На очередном заседании имперского совета депутации отвели целиком всю первую скамью на галерее, где дорогие гости один за другим заняли места и, навалившись на барьер, свесили вниз свои грибообразные шляпы.
Его превосходительство произнес в их честь полуторачасовую речь и, как подсчитали чешские депутаты-оппозиционеры, пятьдесят два раза взглянул во время своей речи на галерею, чтобы проверить, какое впечатление она на них производит.
Один из ходатаев уснул и уронил шляпу. Шляпа разбудила некоего члена собрания, спавшего на скамье депутатов. Это происшествие все имперские газеты превратили в великолепный анекдот, кочевавший из одной газеты в другую, пока наконец им не завладели иллюстрированные сатирические журналы. Посланцам долины Бонда даже приписали остроумные замечания, которых они, естественно, никогда не делали.
Но они высидели до конца заседания – стойкий народ! В возмещение страданий и в награду за длительный стоицизм, наиболее деятельные из законодателей устроили в честь депутации шикарный банкет в отеле «Мунч», где Петер Сафран удостоился чести занять место во главе стола, справа от господина аббата; там каждый мог разглядеть его как следует.
Из восторженных тостов, которые отменные ораторы, ученые господа, имперские и тайные советники произносили по-немецки в его честь, Петер Сафран понял, что в его лице все чтят без пяти минут депутата от долины Бонда, многообещающего коллегу, будущего законодателя. А из перешептываний по-французски за его спиной он узнал, что собравшиеся представляют его друг другу как того самого, парня, жениха прекрасной Эвелины, которую похитил Каульман.

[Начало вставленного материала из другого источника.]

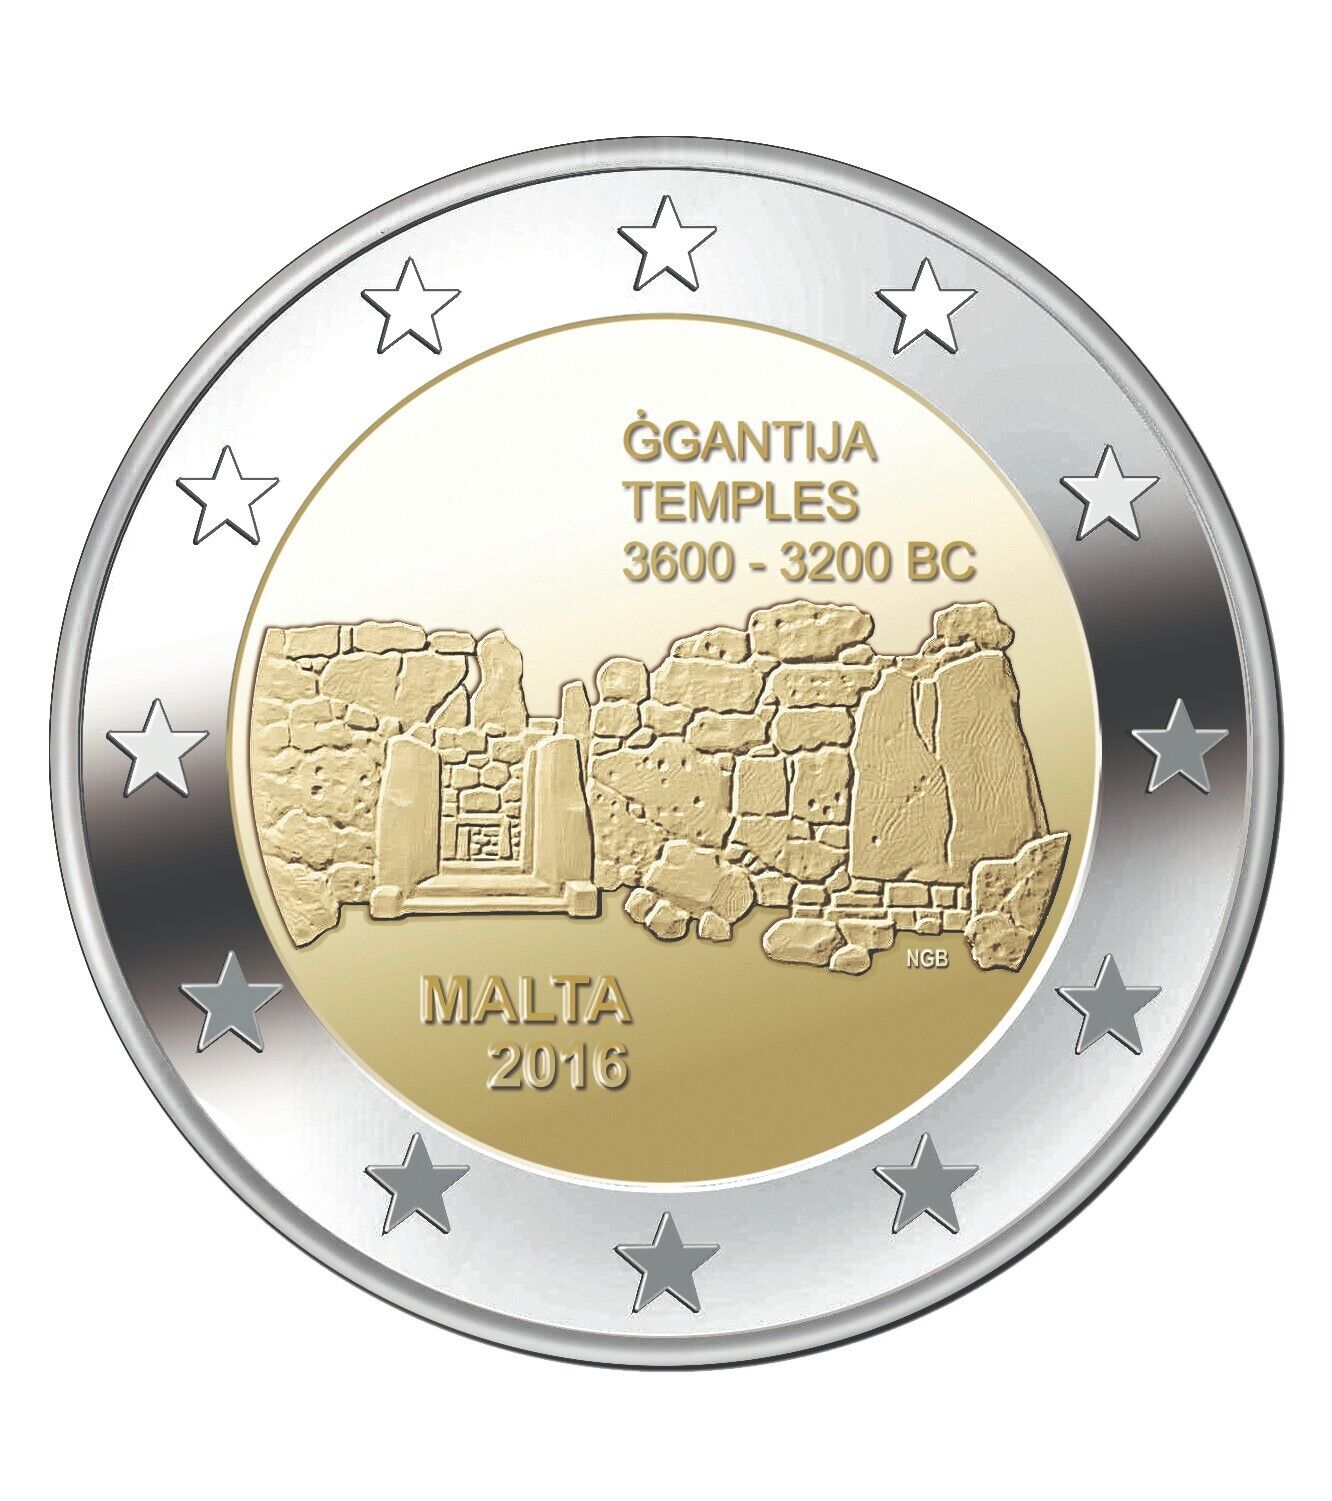 2016 Malta GGANTIJA Temple Uncirculated 2 Euro Commemorative Coin

Петер Сафран делал вид, будто не понимает ни тех льстивых фраз, что говорили ему в глаза, ни презрительных насмешек, что раздавались за его спиной.
А про себя он думал: «Если бы эти господа знали, что однажды мне уже довелось есть человечье мясо!»
В конце банкета важные ученые господа перецеловались со славными гостями, и лишь поздняя ночь разлучила друзей. На следующее утро у представителей долины Бонда раскалывалась голова от обильных возлияний, к которым они не привыкли.
А их ожидало еще немало празднеств. Надо было явиться в императорские покои и засвидетельствовать свое почтение высочайшему трону. Перед жалкой сермягой отверзлись даже священные врата.
На следующий день им предстояло увидеть торжественный военный парад. Сколько пушек! Сколько кавалерии! Какой устрашающий лес штыков!
И вот настал еще один день, воскресенье, когда они осматривали храмы. О, что это были за храмы! В таких не решишься прочитать скромную крестьянскую молитву, которой их учили дома. Здесь и приличествующее месту пение, и звуки органа! Да, богат здешний господь бог! Как, должно быть, стыдились крестьяне, что их-то деревенский бог – бедняк бедняком!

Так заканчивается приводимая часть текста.